My earlier thinking (though I didn't spell it out) was to move the
PRNG code to a separate program, use it to generate a self-documenting
C array of unique test cases [...] If we discover new failing inputs in the
future, they can be added to the test suite. Then there is no guessing
about what inputs are being tested.

Capturing and storing generated cases into a fixed explicit could make some tasks slightly easier, perhaps tasks such as reaching the required state in a debugger, or extracting a particular case into a separate test.

What cases would you extract? One example of each currently known failure mode (and success mode) is probably useful; that's a start. I already made a separate test case for one failure mode, and it would be reasonable to do so for the others.
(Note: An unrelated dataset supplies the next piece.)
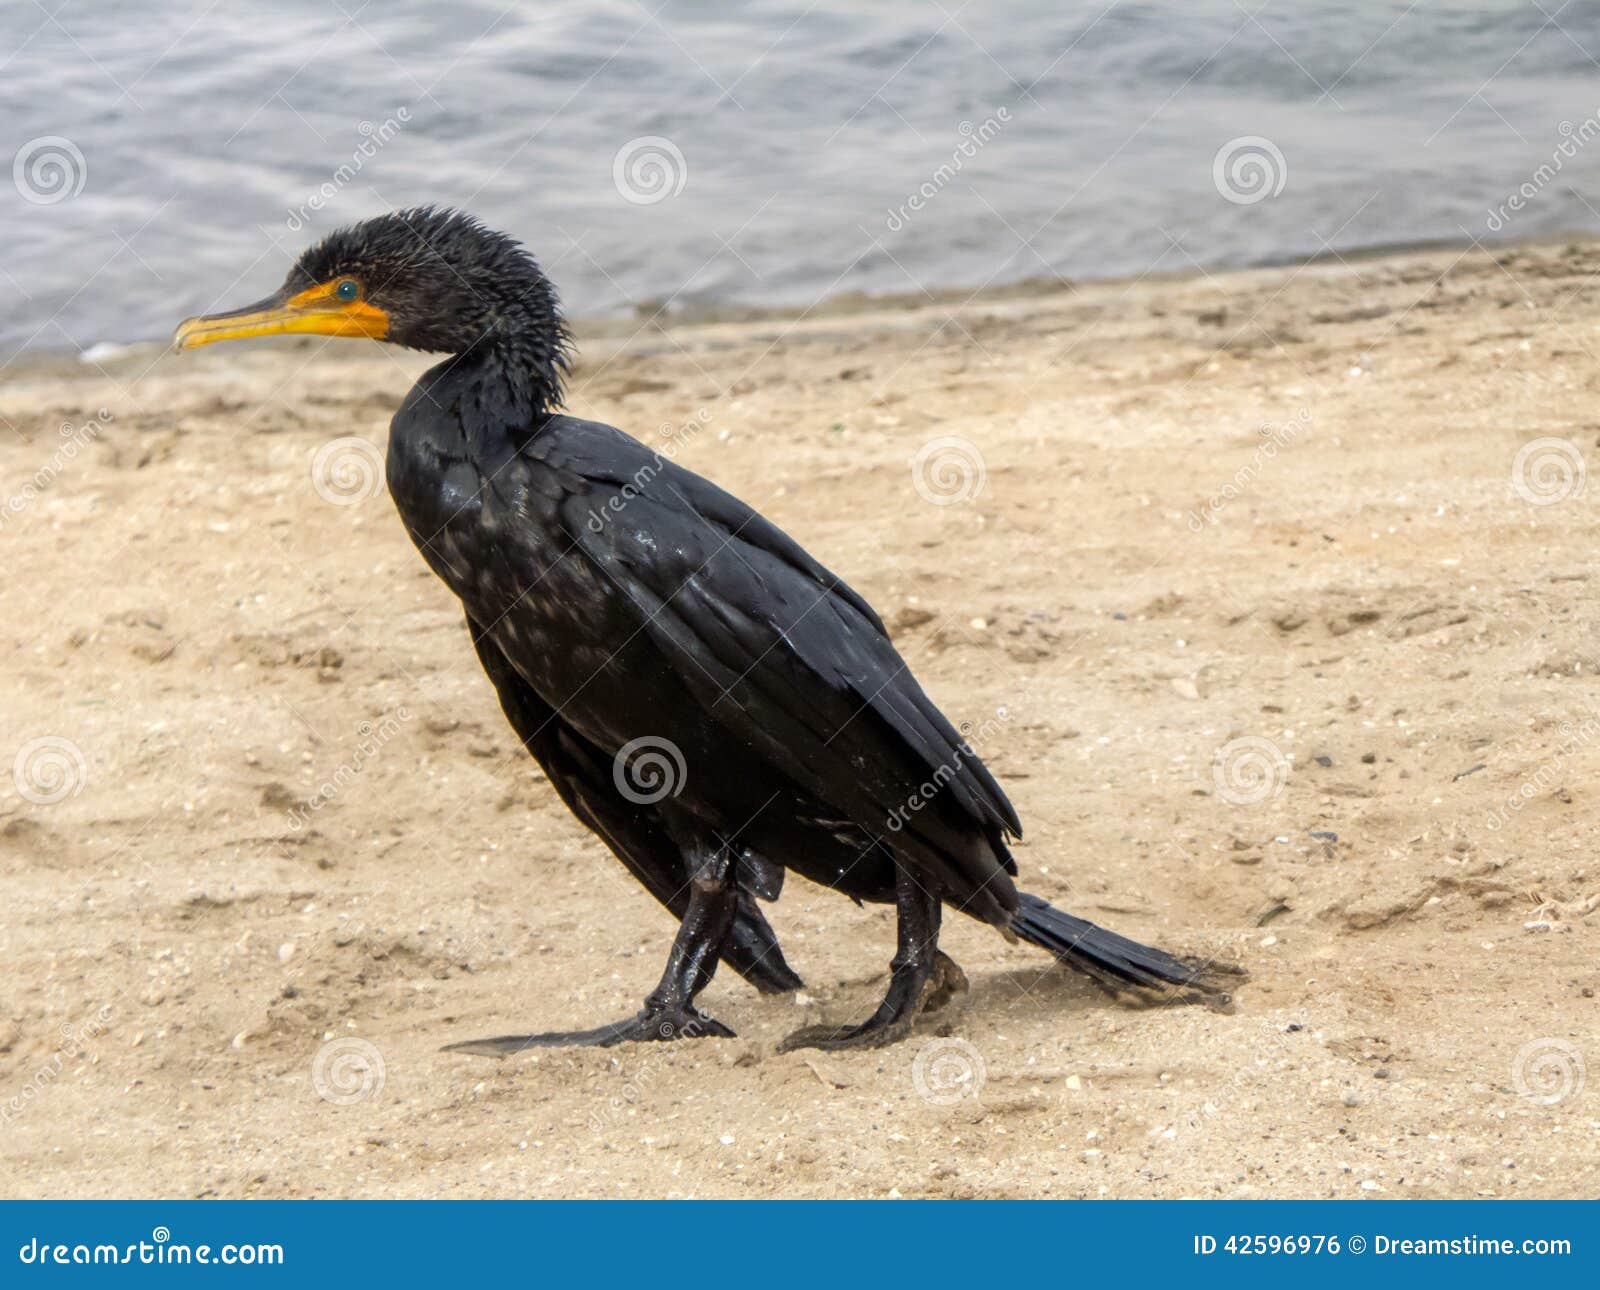 Injured black duck. Ducks are a seabird that ah suffered greatly from pollution. Here is observed at the seashore wounded.

But what about capturing a sufficient set of input combinations that should be tested because they *might* in future result in different behaviours? That's hard. We can try to guess some cases that look like they would be worth testing, which is what we do when writing traditional fixed tests. But the idea of "random" input generation is to overcome the tendency to fail to guess in advance all the combinations that might reveal a problem. Pseudo-random inputs are good at that.

A good, dedicated random-testing infrastructure would make it easy to generate a set of fixed tests based on observing random testing combined with, say, code coverage information. If we had this test infrastructure, sure, but if we don't, I'm not seeing why doing that extraction and analysis manually would be worth the effort.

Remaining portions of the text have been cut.